Section Goal
  • give step by step instructions about how to build a DApp using the Descartes SDK

The Descartes Tutorials are a knowledge base that exists to help you learn everything about the Descartes SDK from the ground up, through easy step-by-step instructions. The tutorials focus on using the SDK to build DApps that perform secure and validated off-chain computations using two local Descartes nodes. The nodes represent users alice and bob, who respectively play the roles of claimer and challenger.

All of the tutorials and their suggested steps have been applied, in the order suggested by the navigation bar on the left, to a fresh Ubuntu 18.04.3 LTS installation. As such, if you follow the tutorials in the suggested order and correctly reproduce all of the steps in your local development environment, then every step should work, unchanged. However, if you're not running an Ubuntu LTS, or if you're not starting a development environment from scratch, you may need to do a bit of adaptation or maintenance to get the Descartes development environment working with what you have in your development machine.

In the following sections, we will first go through general requirements needed to run the tutorials. Then, we will get a full Descartes SDK Environment up and running before we dive into our Hello World DApp tutorial. This initial tutorial will detail the basic process of creating a Descartes DApp, including how to build a Cartesi Machine and write a smart contract that instantiates its computation.

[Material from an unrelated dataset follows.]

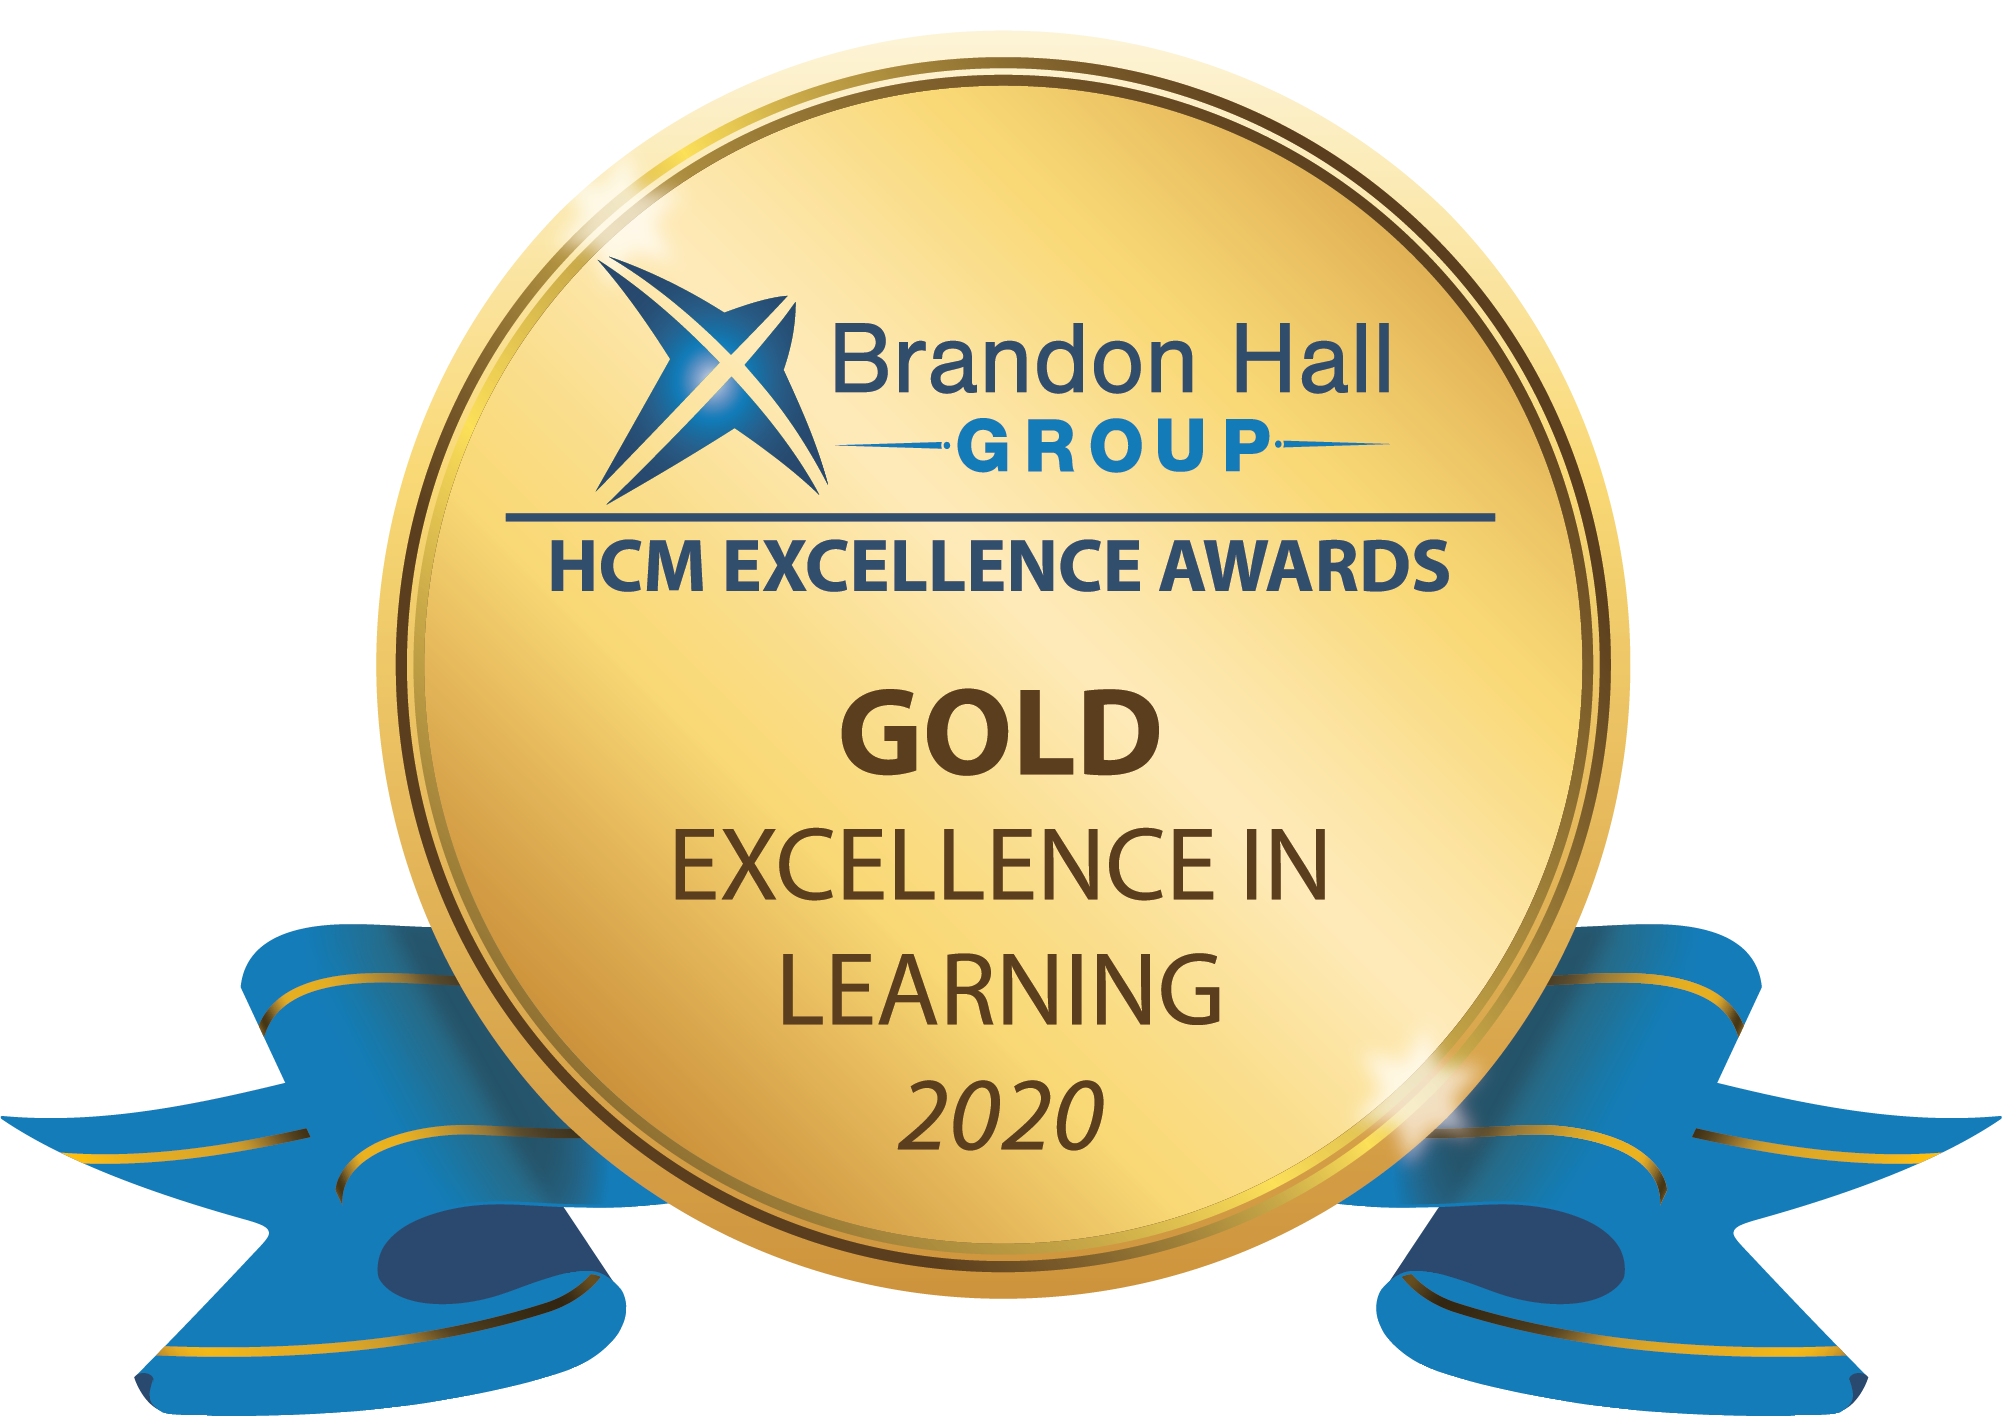 Gold Award medal from Brandon Hall Group HCM Excellence Awards

After that first tutorial, the Calculator DApp will introduce the usage of input drives so as to parameterize computations. Then, we'll implement a Generic Script DApp in which we will learn how to customize the Cartesi Machine's root file-system to understand how a smart contract can run any kind of script with Descartes, including Python scripts using arbitrary libraries. Next, we'll shift our focus to some actual real-world use cases. In the GPG Verify tutorial, we'll introduce custom ext2 file-systems and use the standard Linux GnuPG tool to verify that a given document was signed by the expected party, as well as ensuring that it has not been tampered. Finally, we'll implement a Dogecoin Hash DApp, in which we'll see how Descartes can be used so that smart contracts can compute the actual scrypt proof-of-work hashing algorithm used to validate Dogecoin (and Litecoin) block headers.